Usando uma micropipeta, transfira um mililitro de cada cultura líquida para um tubo estéril separado de 1,5 mililitro. Centrifugue os tubos por dois minutos a 8.000 x g para pellet as bactérias ou fungos. Em seguida, aspirar o sobrenadante de cada tubo com uma pipeta e ressuspender os pellets em um mililitro de PBS.

Dilua as células ressuspensas de Pseudomonas aeruginosa e Staphylococcus aureus de um a 10 em PBS. Em seguida, usando um espectrofotômetro, meça a densidade óptica em um comprimento de onda de 600 nanômetros. Depois de diluir as amostras lavadas de Candida albicans de um a 100 em PBS, pipetar 10 microlitros de cada amostra em duas câmaras individuais de um hemocitômetro.
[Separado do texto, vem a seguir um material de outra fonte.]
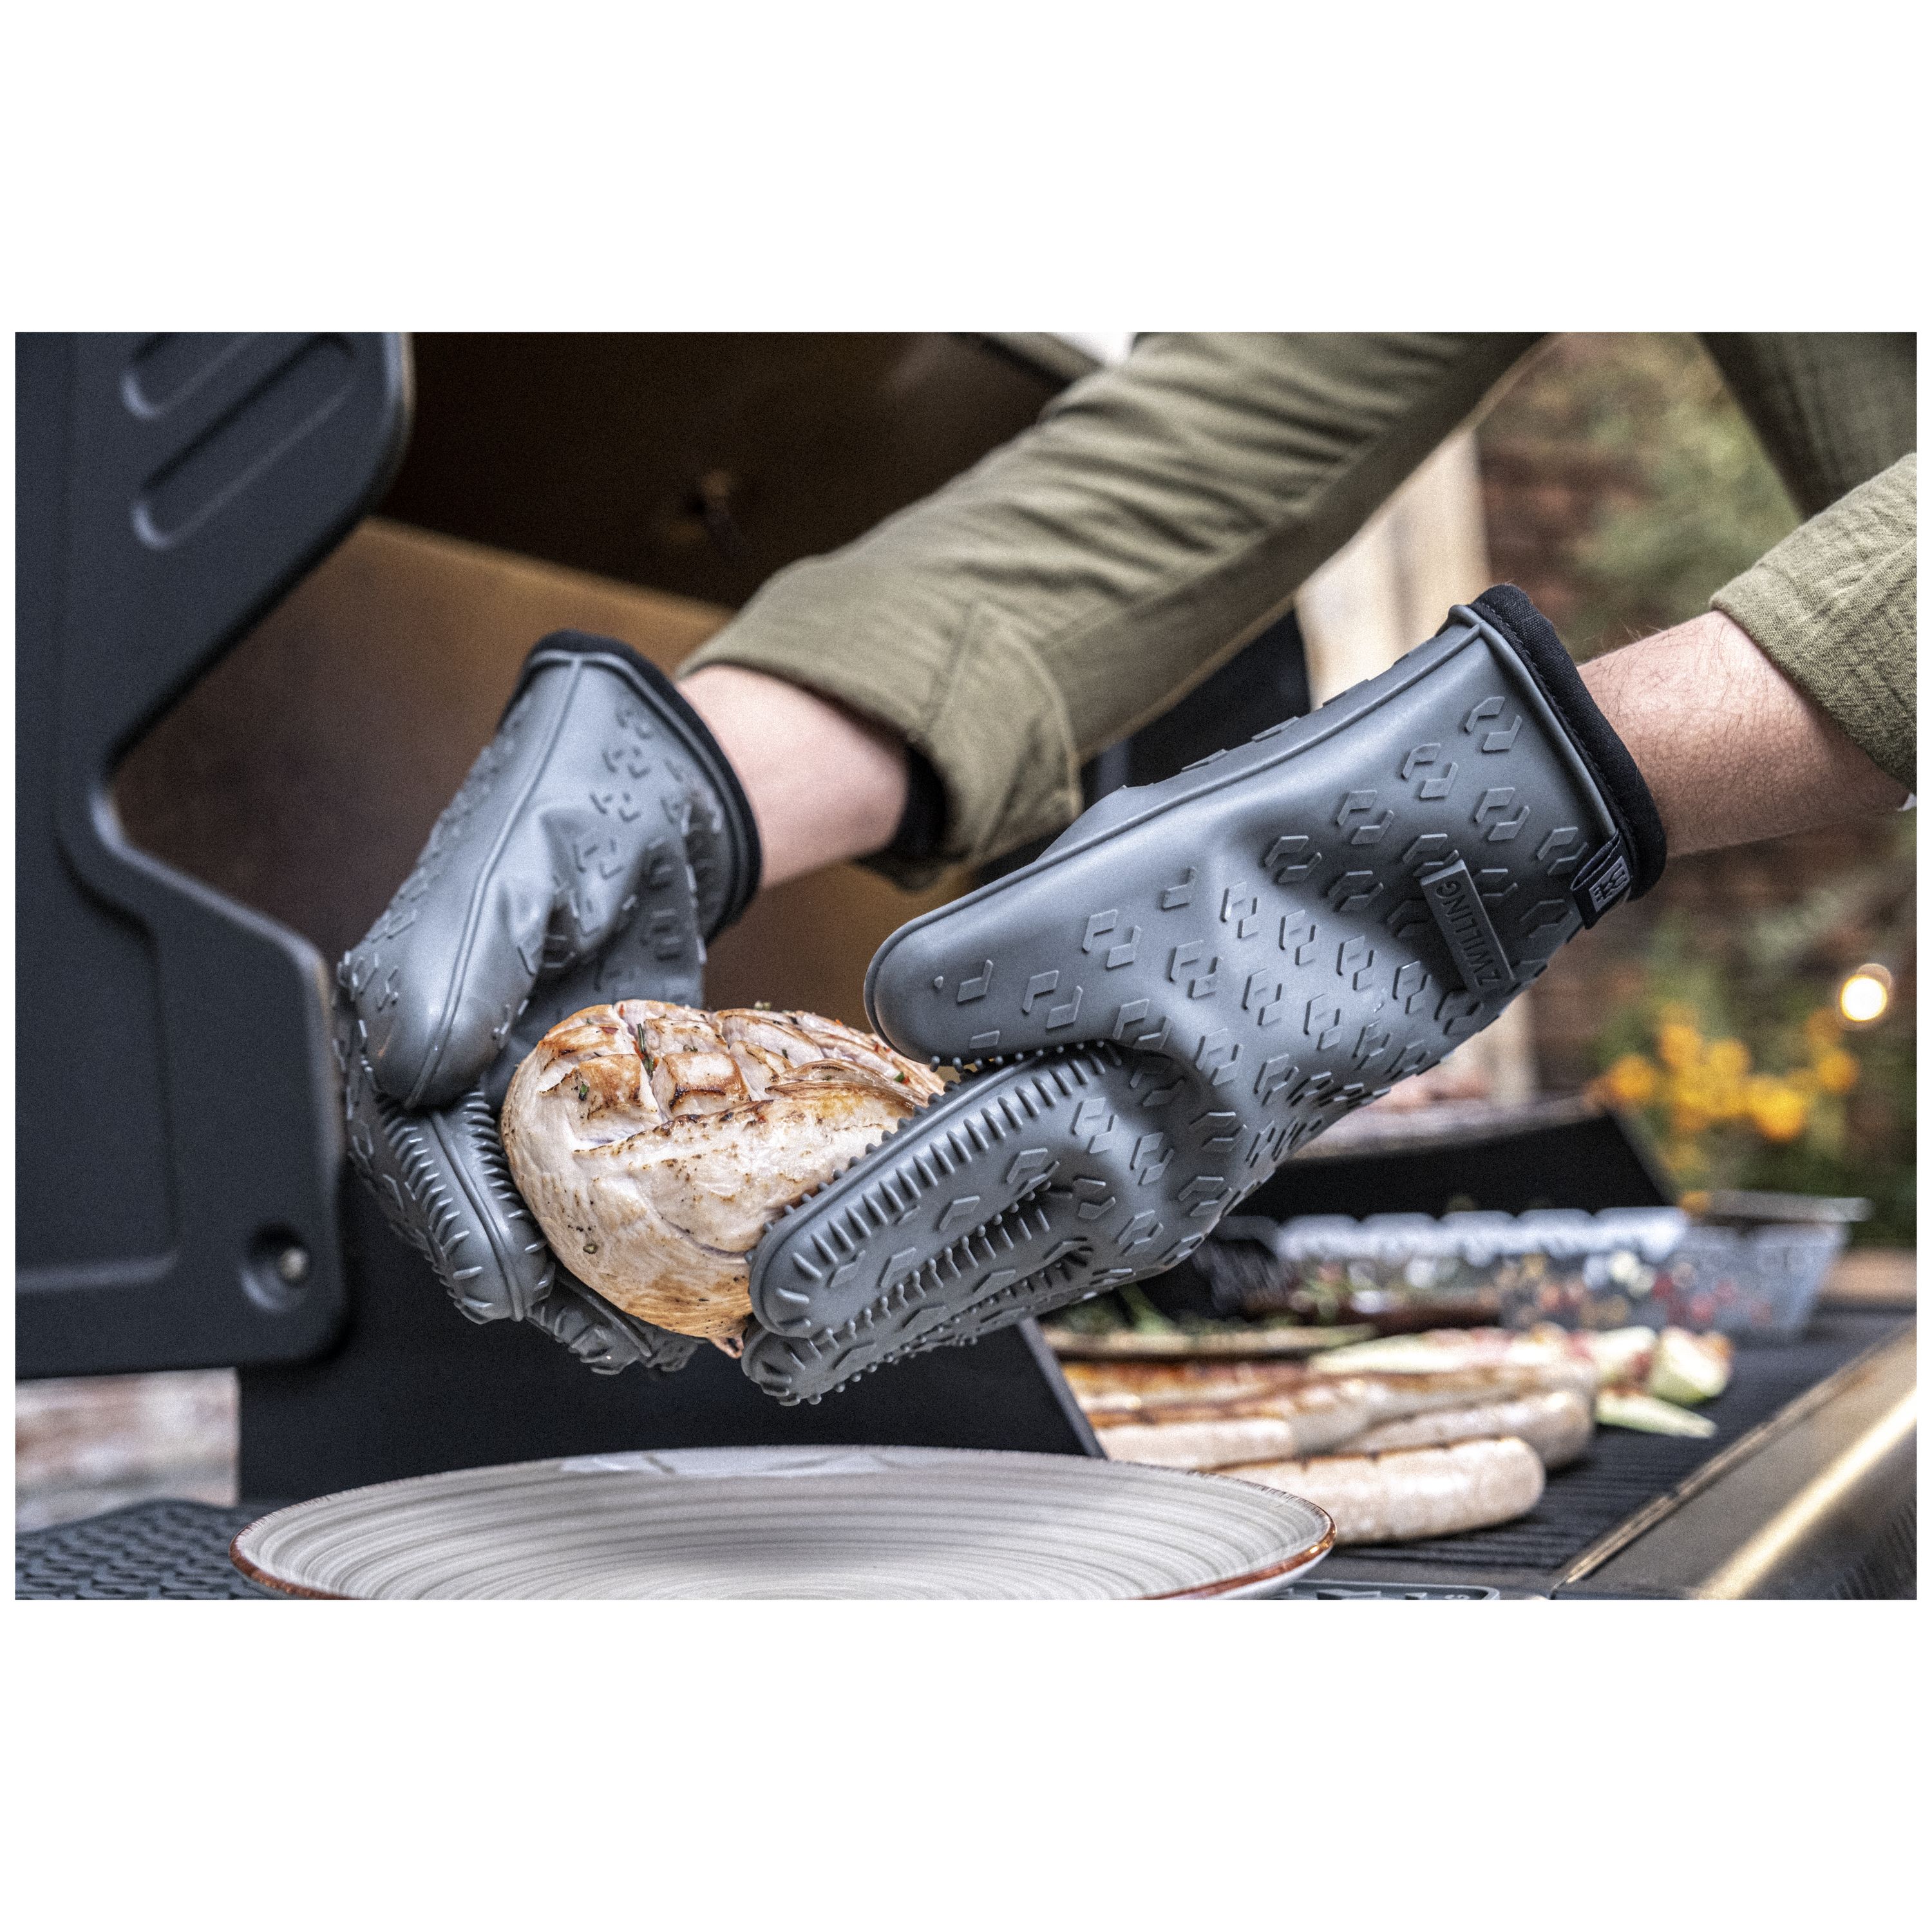 ZWILLING Z-Cut Cut resistant glove

Em seguida, ajuste a amostra de Candida albicans para 1 x 10 elevado a oito UFC por mililitro em PBS. Para preparar o inóculo para adição ao biofilme, ajuste o inóculo de Pseudomonas aeruginosa, Candida albicans e Staphylococcus aureus usando PBS. Para biofilmes monoespécies, pipetar 10 microlitros do micróbio diluído no centro de um disco de policarbonato colocado no ágar SCFM2 1,5% técnico em placas de 6 poços.
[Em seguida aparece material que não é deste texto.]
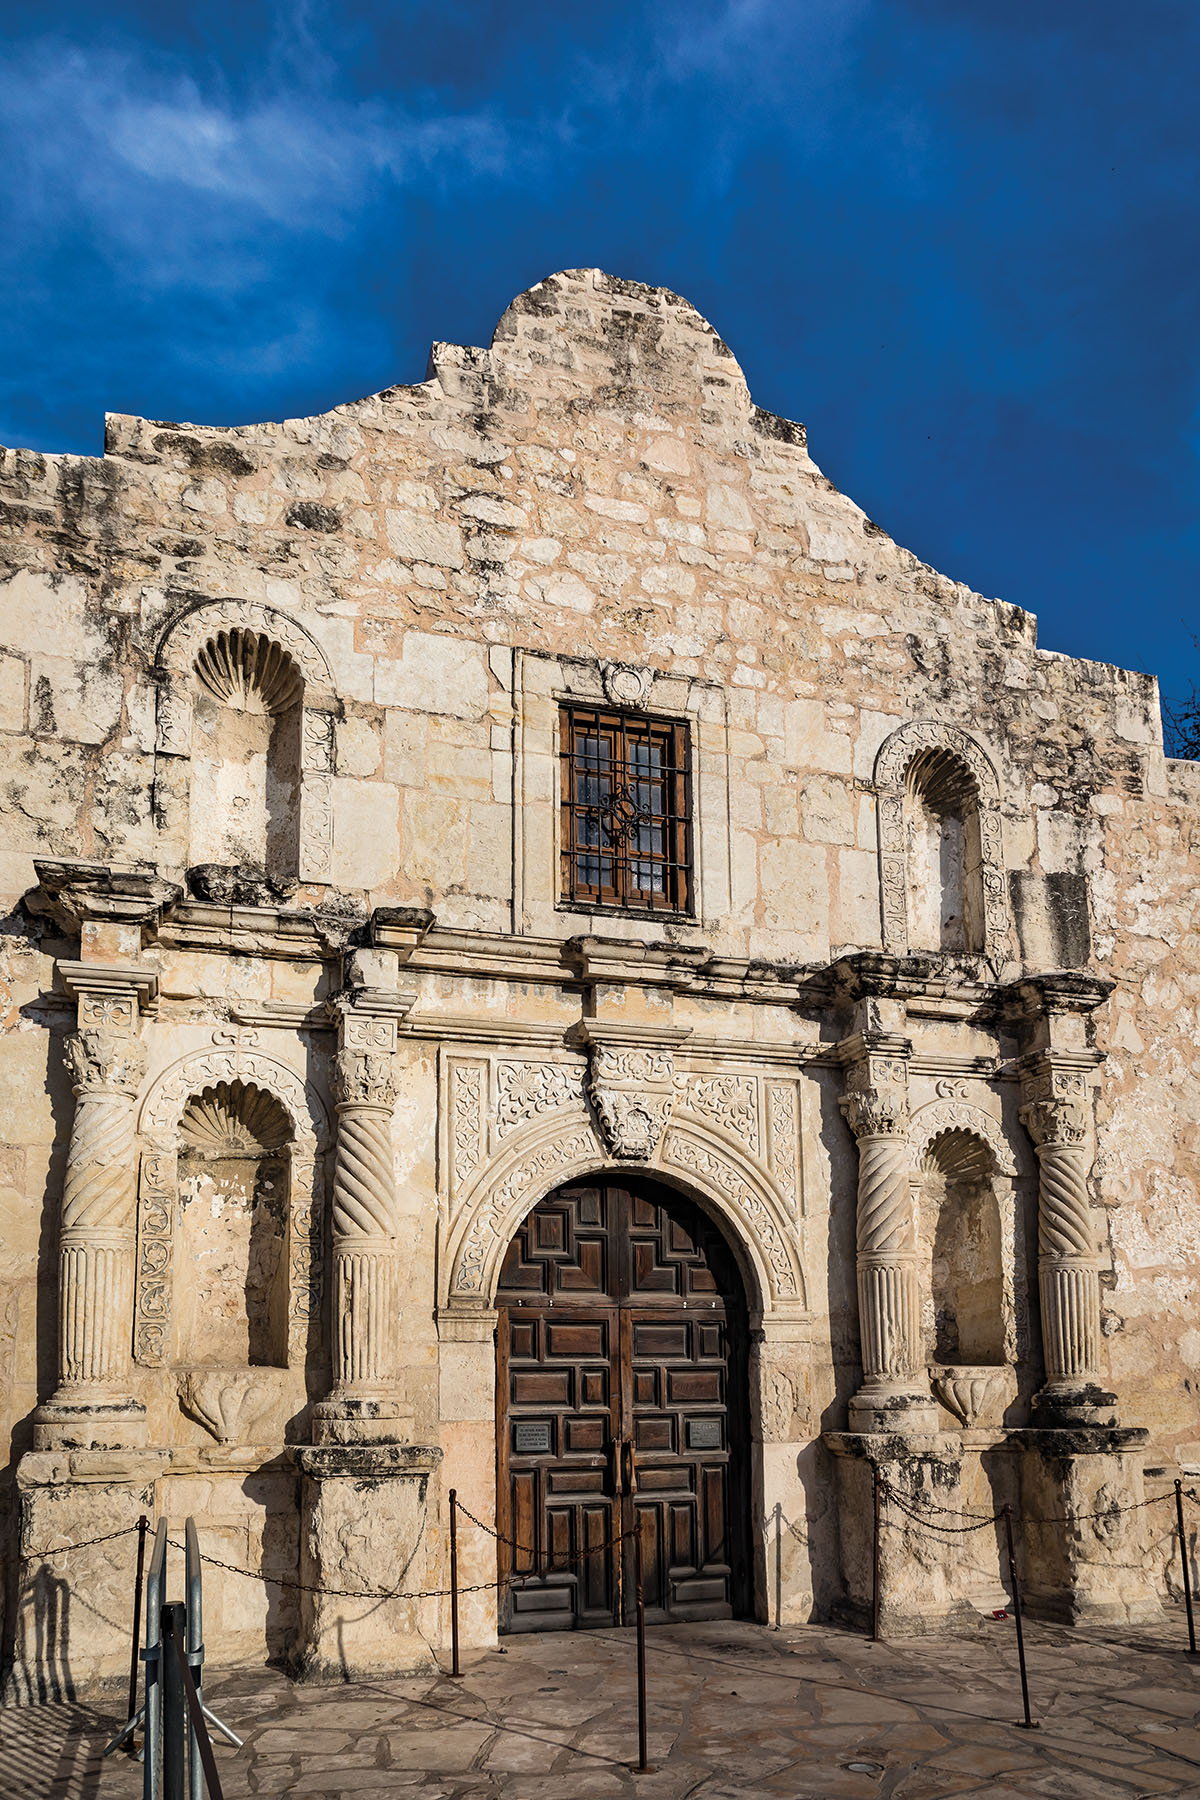 The stone facade of the Alamo under a blue sky

Incubar a placa estaticamente a 37 graus Celsius por 24 horas antes do tratamento ou interrupção. Para biofilmes polimicrobianos, adicione 10 microlitros de cada Staphylococcus aureus e Candida albicans um sobre o outro no mesmo disco de policarbonato. Incubar o disco inoculado estaticamente durante 24 horas a 37 graus Celsius.

Após a incubação com pinça estéril, transfira os discos de policarbonato para placas de ágar SCFM2 1,5% técnicas frescas. Adicione 10 microlitros do 1 x 10 à potência de quatro UFC por mililitro de diluição de Pseudomonas aeruginosa em cima do biofilme pré-estabelecido de Staphylococcus aureus, Candida albicans. Incube por mais 24 horas a 37 graus Celsius.

Para começar, pegue o biofilme de colônia de interface de ar sólido de Pseudomonas aeruginosa, Staphylococcus aureus e Candida albicans. Adicione esferas de cerâmica com um diâmetro de 2,8 milímetros à placa e reticule a placa com UV. Usando uma pinça esterilizada por chama, transfira cinco esferas de cerâmica para um tubo homogeneizador estéril de dois mililitros.

Pipetar um mililitro de PBS para o tubo de homogeneização de dois mililitros. Vortex os tubos por pelo menos 10 segundos ou até que o biofilme tenha sido removido do disco de policarbonato, conforme determinado por inspeção visual. Uma vez removido, retire o disco de policarbonato, coloque os tubos com as esferas no homogeneizador e bata-os duas vezes por 10 segundos a seis metros por segundo com um intervalo de dez segundos entre os batimentos.

Agora despeje o biofilme interrompido do tubo homogeneizador em uma bijuteria de sete mililitros contendo quatro mililitros de PBS, resultando em um volume final de cinco mililitros. Centrifugar os tubos homogeneizadores a 8 000 x g durante dois minutos. Em seguida, transfira o líquido restante para a bijuteria de sete mililitros para garantir que todo o líquido seja transferido.

Adicione 200 microlitros do biofilme interrompido em uma placa preta de 96 poços de fundo transparente e, em seguida, pipete 10 microlitros de solução de resazurina a 0,02% em cada poço. Incube o biofilme tratado com resazurina em um leitor de placas a 37 graus Celsius. Aplique agitação orbital a cada 30 minutos por 10 segundos a 200 RPM antes de fazer qualquer leitura fluorescente.

Meça a fluorescência usando um comprimento de onda de excitação de 540 nanômetros e um comprimento de onda de emissão de 590 nanômetros. Os biofilmes monoespécies exigiram concentrações significativamente mais baixas de meropeném e tobramicina para atingir 50% de morte em comparação com os biofilmes polimicrobianos, com um aumento de dois log na concentração de antibióticos necessária para o último. A sobrevida de Pseudomonas aeruginosa aumentou em biofilmes polimicrobianos com 64 microgramas por mililitro de tobramicina, enquanto o meropenem apresentou diminuição na sobrevida em condições semelhantes.

Em biofilmes monoespécies, foi observada uma forte correlação entre a sobrevivência de Pseudomonas aeruginosa e sua atividade metabólica quando tratados com meropenam e tobramicina.